We’re happy to announce the release of Cerbero Suite 5.1 and Cerbero Engine 2.1!
This release comes packed with features and improvements. In this post we summarized the most important ones.
Installable Packages
While there are many interesting new features in this release, we consider the most important one to be the introduction of installable packages.
Packages enable developers to create plugins that can be easily installed by the user with just a few clicks. Not only that, but the same package is compatible with both Cerbero Suite and Cerbero Engine.
Packages can be encrypted and signed. When a package is not signed or the signature cannot be trusted, it is shown by the installation dialog.
We wrote an in-depth article about packages if you’re interested in learning more.
Improved Decompiler
We have introduced some improvements in the decompiler output.
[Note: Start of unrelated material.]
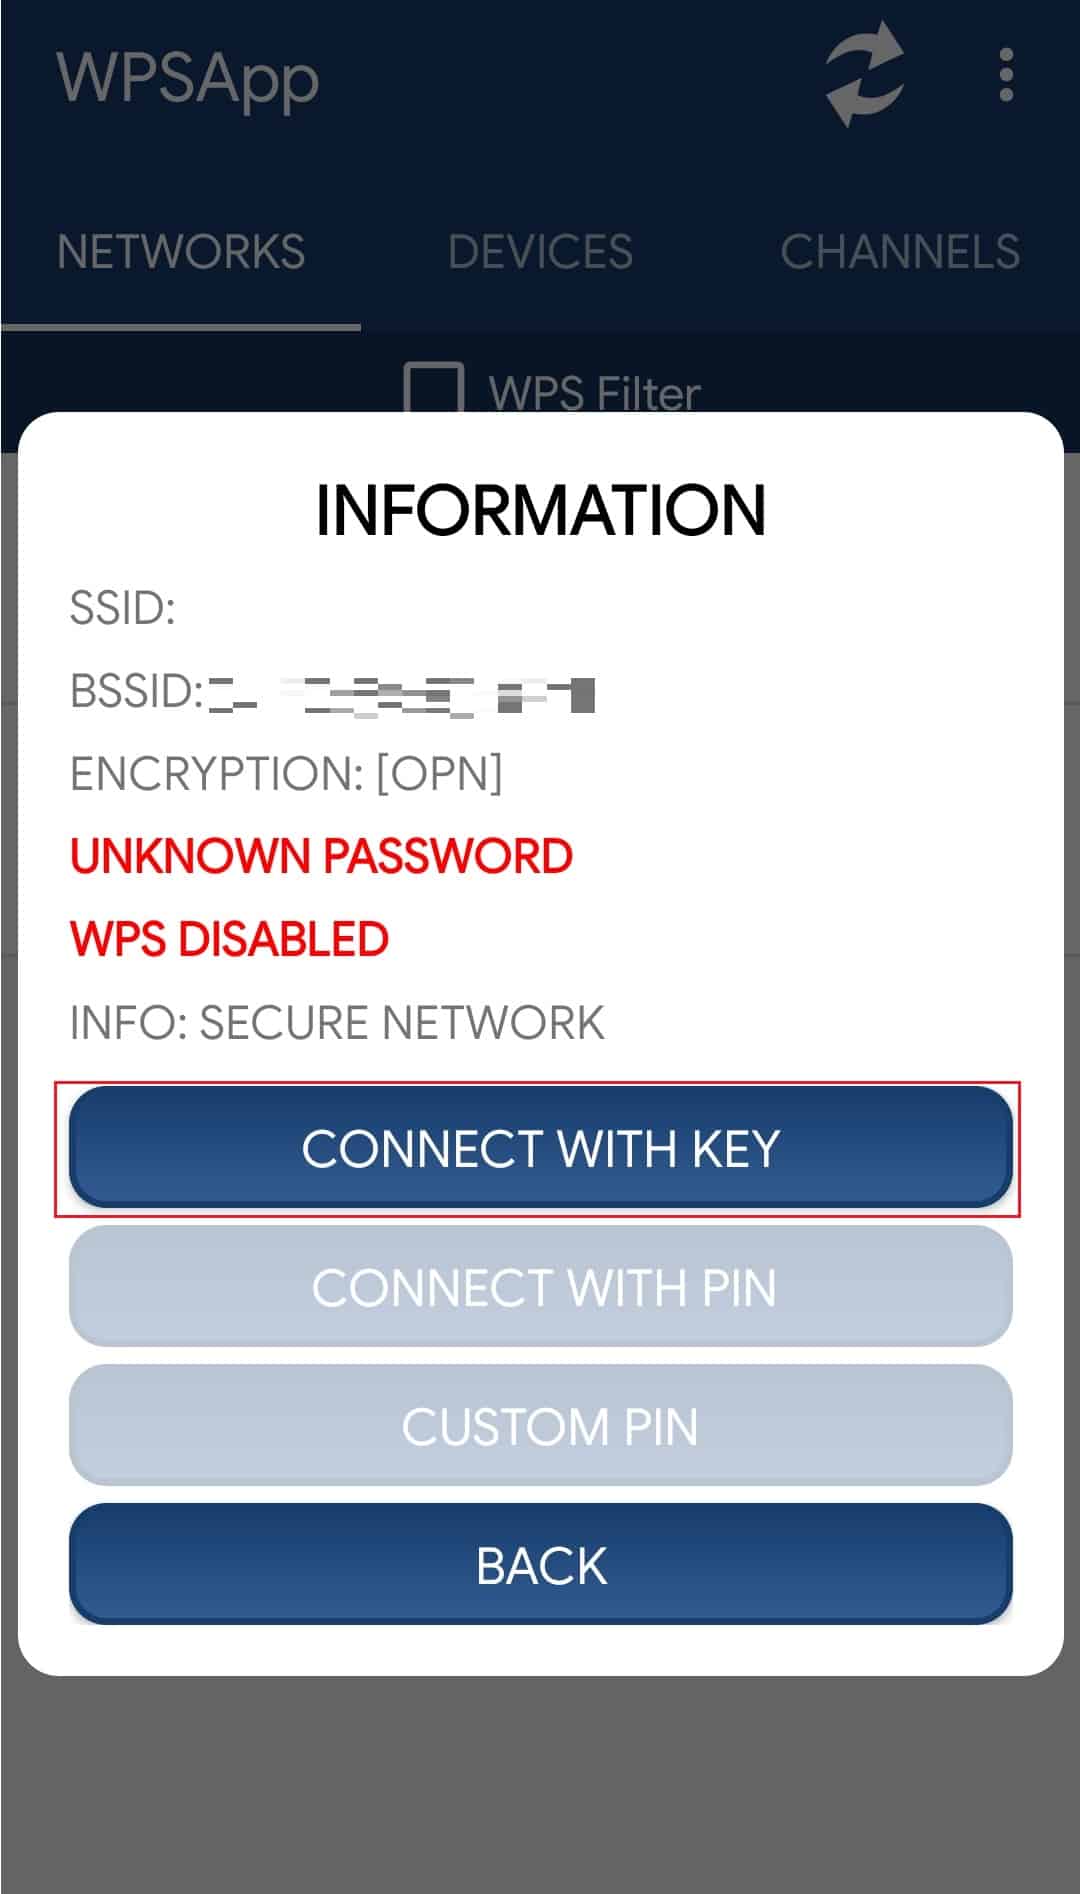 connect with key in WPSApp android app

The most interesting of these improvements is the support of indirect string literal references.
We wrote a post about this topic for more information.
Local Carbon Structures
Previously, imported structures were shared among Carbon disassemblies in the same project. In Cerbero Suite 5.1 every disassembly in a project can have its own local structures.
This is especially useful when importing data structures from PDB files.
Of course, shared structures are also supported.
Improved CFBF Format View
We have simplified the analysis of Microsoft Office legacy documents that contain text controls by previewing their name in the format view.
We have published a 150-seconds video analysis of an Emotet sample which as part of its obfuscation strategy makes use of text controls.
Improved XLSB Support
We have improved support for the Microsoft Excel XLSB format.
We’ll soon publish malware analysis to showcase these improvements.
Improved Silicon Excel Emulator
We have added support for the FORMULA.ARRAY macro, since this macro is often used by malicious Excel documents.
Hierarchy View Size Column
We received this feature request on Twitter: now the hierarchy view also shows the size of files.
This can be useful when prioritizing the analysis of embedded files.
Improved File Dialogs
We disabled the preview of actual file icons in all file dialogs. This makes opening folders with thousands of files blazingly fast and it’s also better for security.
This may seem like a minor problem, but the devil is in the details…
Grid Layouts in Custom Views
We have added a new type of layout in custom views: grid layouts. This new layout type is already documented in our latest official SDK documentation.
Additionally, this new version comes with minor speed optimizations and bug fixes.